# DATASET CONTENT
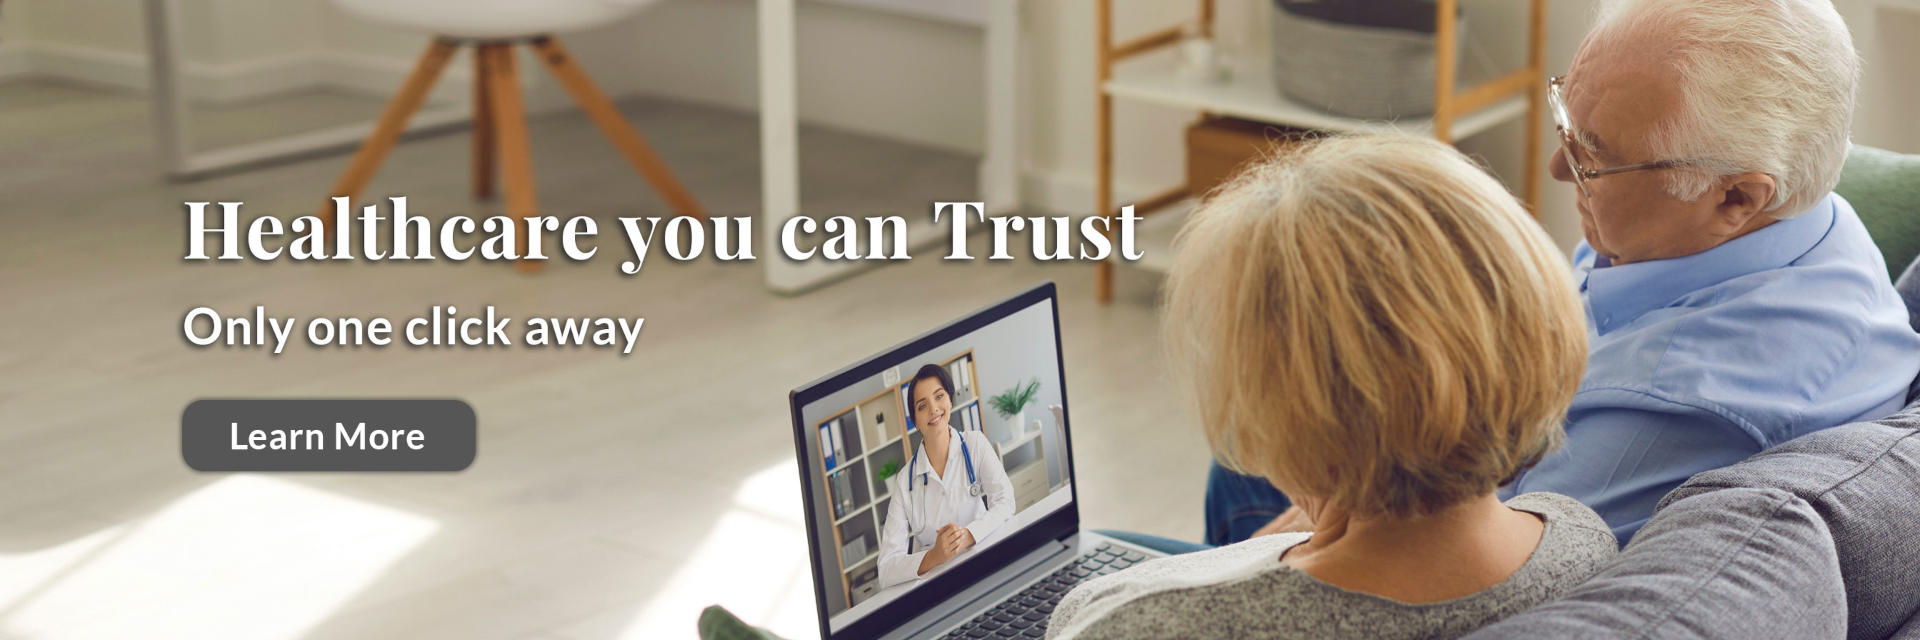 ]Healthcare you can Trust
Only one click away
(Learn More)
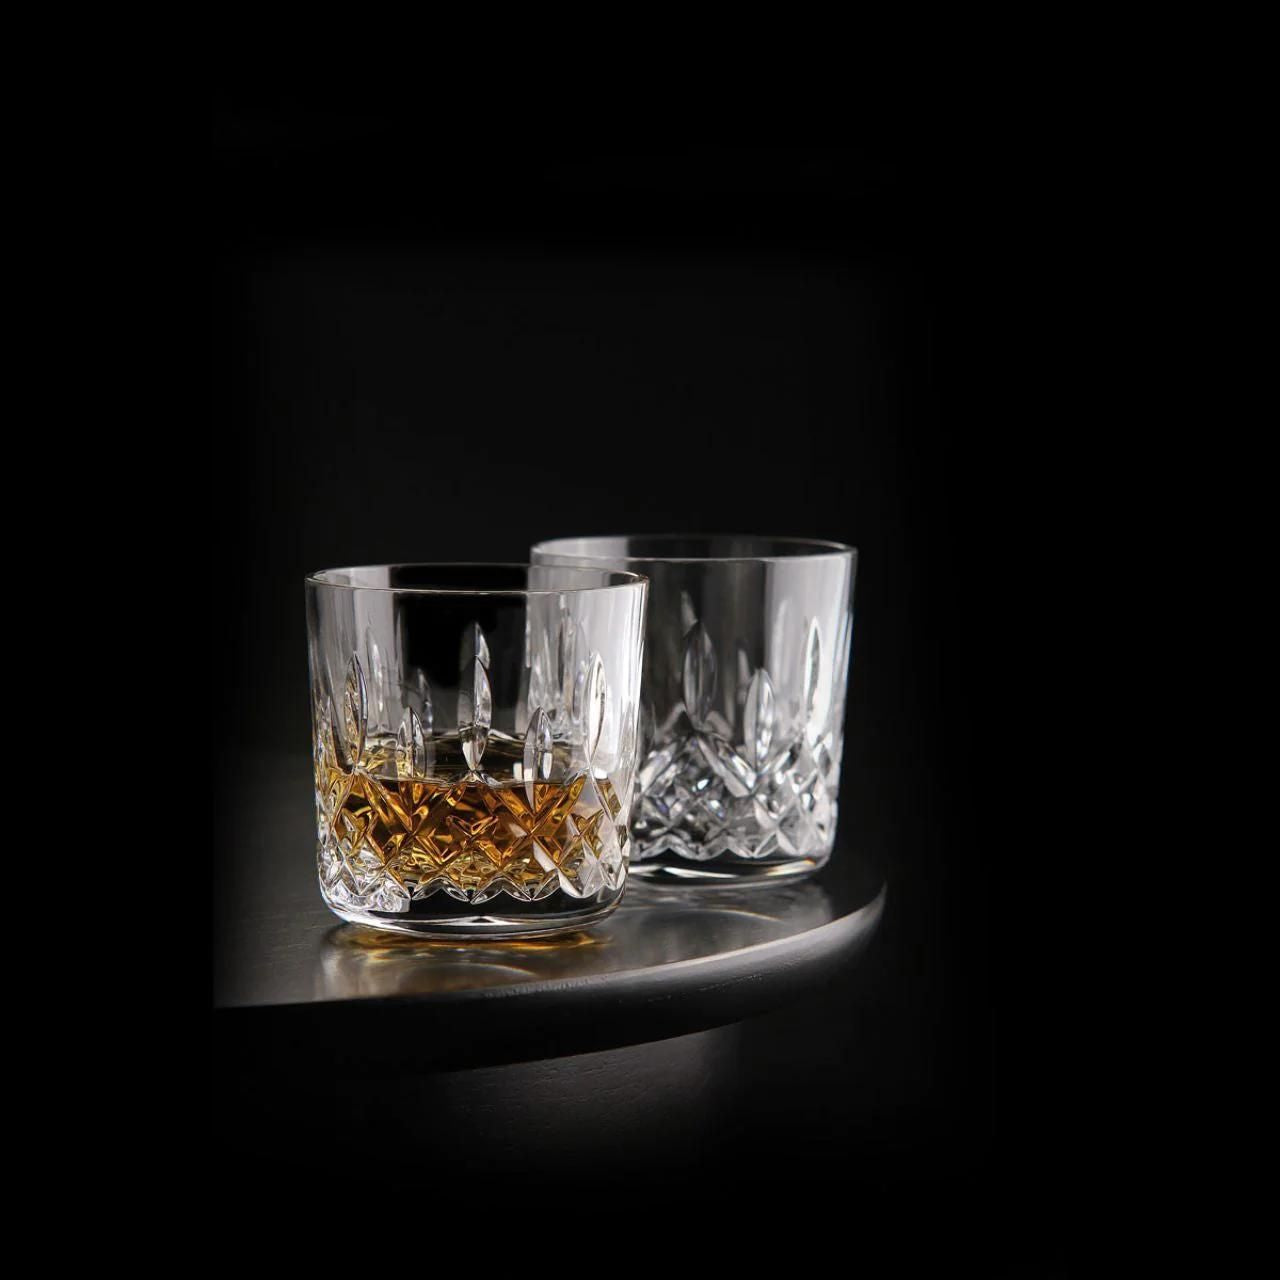 Giftology Lismore Tumbler Set of 2 by Waterford Crystal   Packaged as a pair and providing a timeless gift for whiskey lovers are these popular Lismore Tumblers. Beautifully embellished with our distinguished Lismore pattern, these classic crystal tumblers provide the perfect serve for whiskey, brandy or bourbon, elevating a casual tipple into a luxurious occasion. 
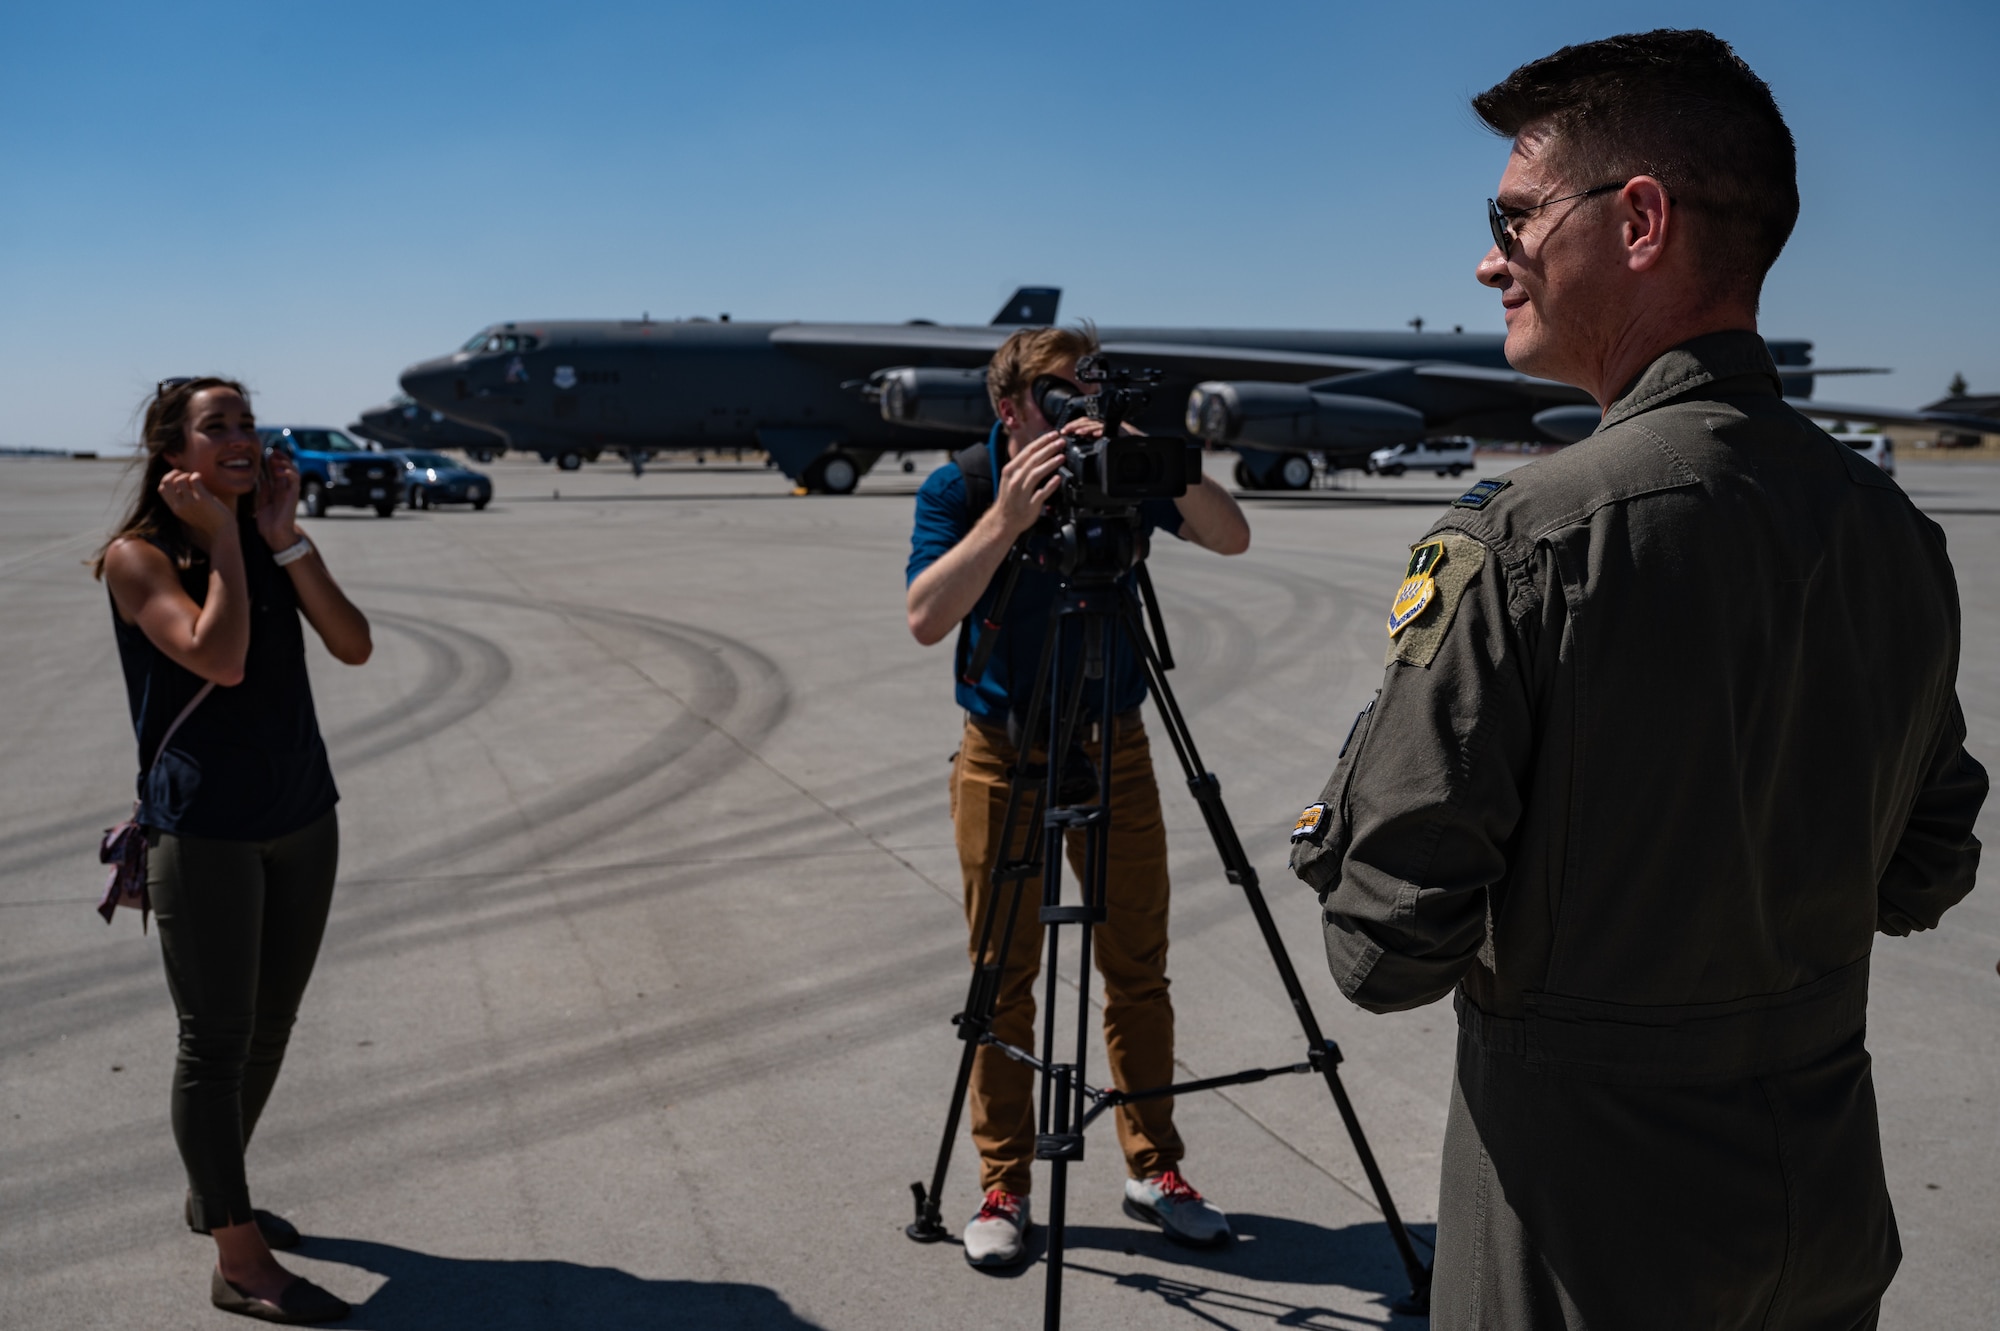 Capt. Tanner Devotie, 96th Bomb Squadron aircraft commander, speaks with local news media during an interview at Fairchild Air Force Base, Washington, Aug. 17, 2022. Four separate media outlets covered the first return of the B-52H Stratofortress to Fairchild in 12 years. (U.S. Air Force photo by Senior Airman Chase Sullivan)
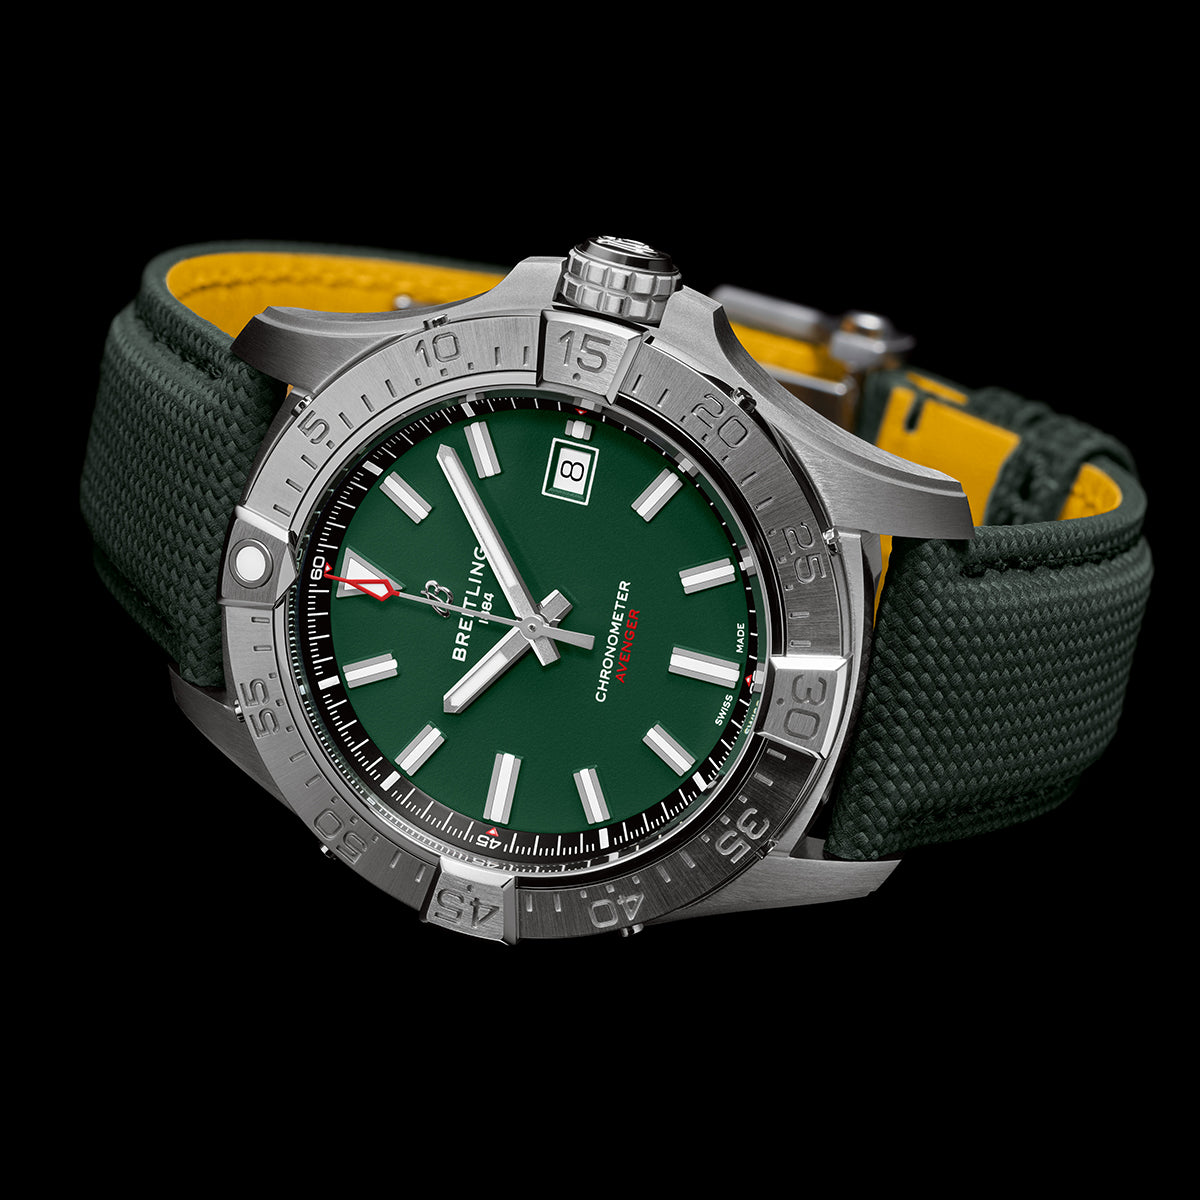 Breitling Avenger Automatic 42
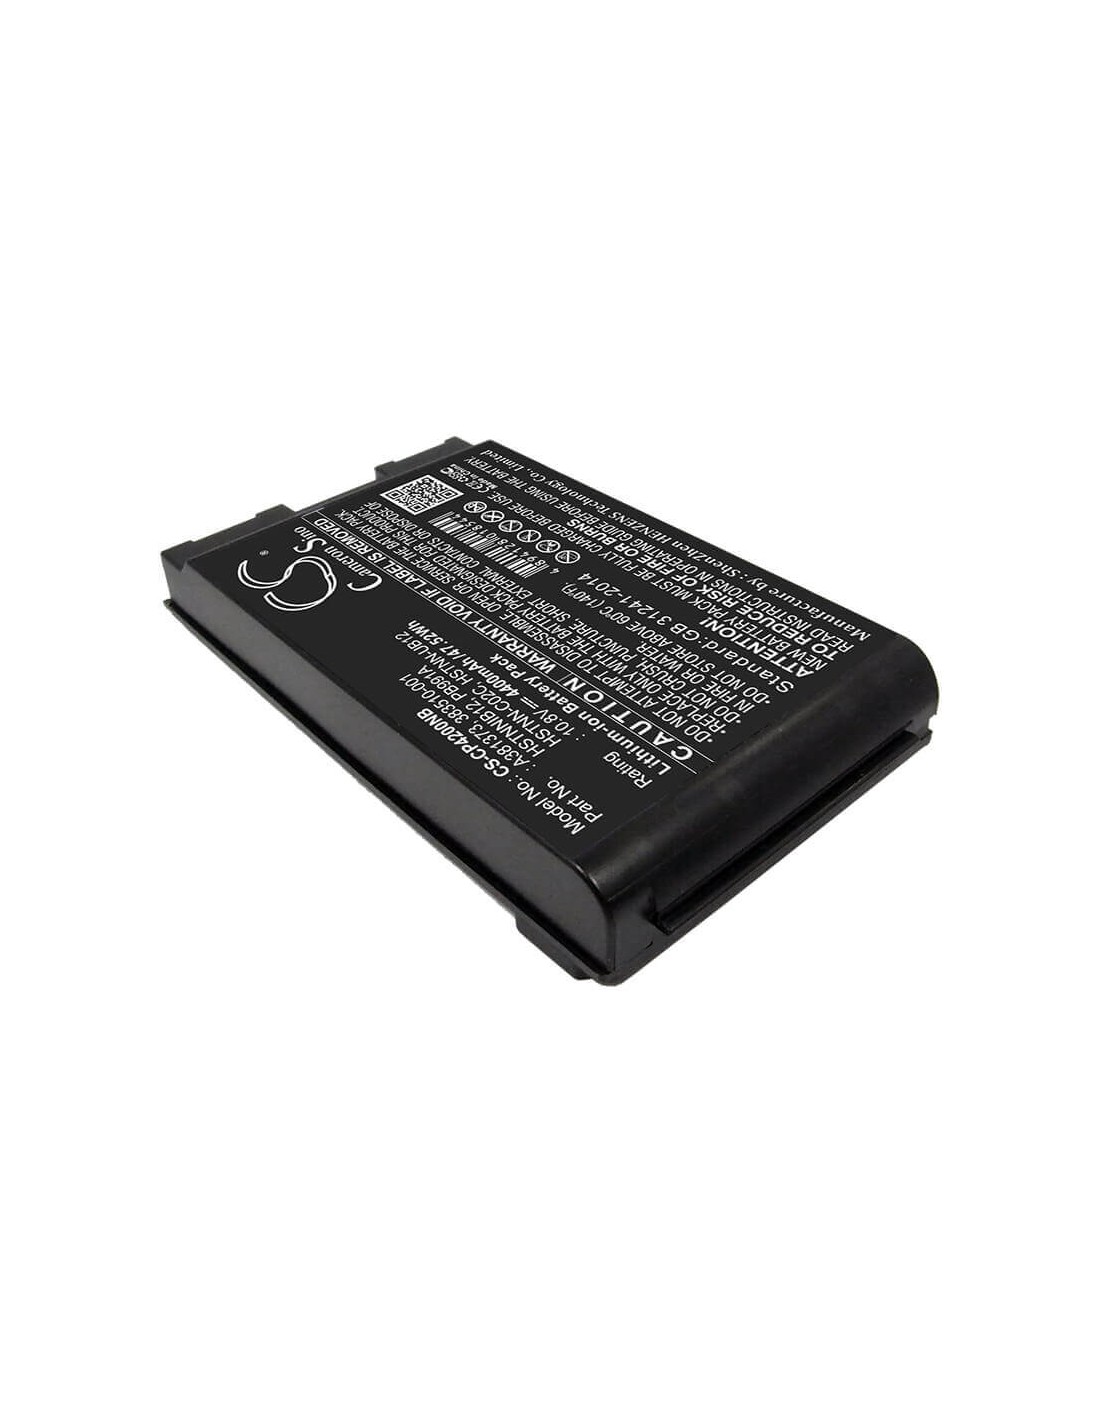 Black Battery for HP Business Notebook NC4400, Business Notebook TC4200, Business Notebook TC4400 10.8V, 4400mAh - 47.52Wh

# EXERCISE BRIEF
The pictures in the entries should be left out; output everything else exactly.

# SOLUTION TO THE EXERCISE
 ]Healthcare you can Trust
Only one click away
(Learn More)
 Giftology Lismore Tumbler Set of 2 by Waterford Crystal   Packaged as a pair and providing a timeless gift for whiskey lovers are these popular Lismore Tumblers. Beautifully embellished with our distinguished Lismore pattern, these classic crystal tumblers provide the perfect serve for whiskey, brandy or bourbon, elevating a casual tipple into a luxurious occasion. 
 Capt. Tanner Devotie, 96th Bomb Squadron aircraft commander, speaks with local news media during an interview at Fairchild Air Force Base, Washington, Aug. 17, 2022. Four separate media outlets covered the first return of the B-52H Stratofortress to Fairchild in 12 years. (U.S. Air Force photo by Senior Airman Chase Sullivan)
 Breitling Avenger Automatic 42
 Black Battery for HP Business Notebook NC4400, Business Notebook TC4200, Business Notebook TC4400 10.8V, 4400mAh - 47.52Wh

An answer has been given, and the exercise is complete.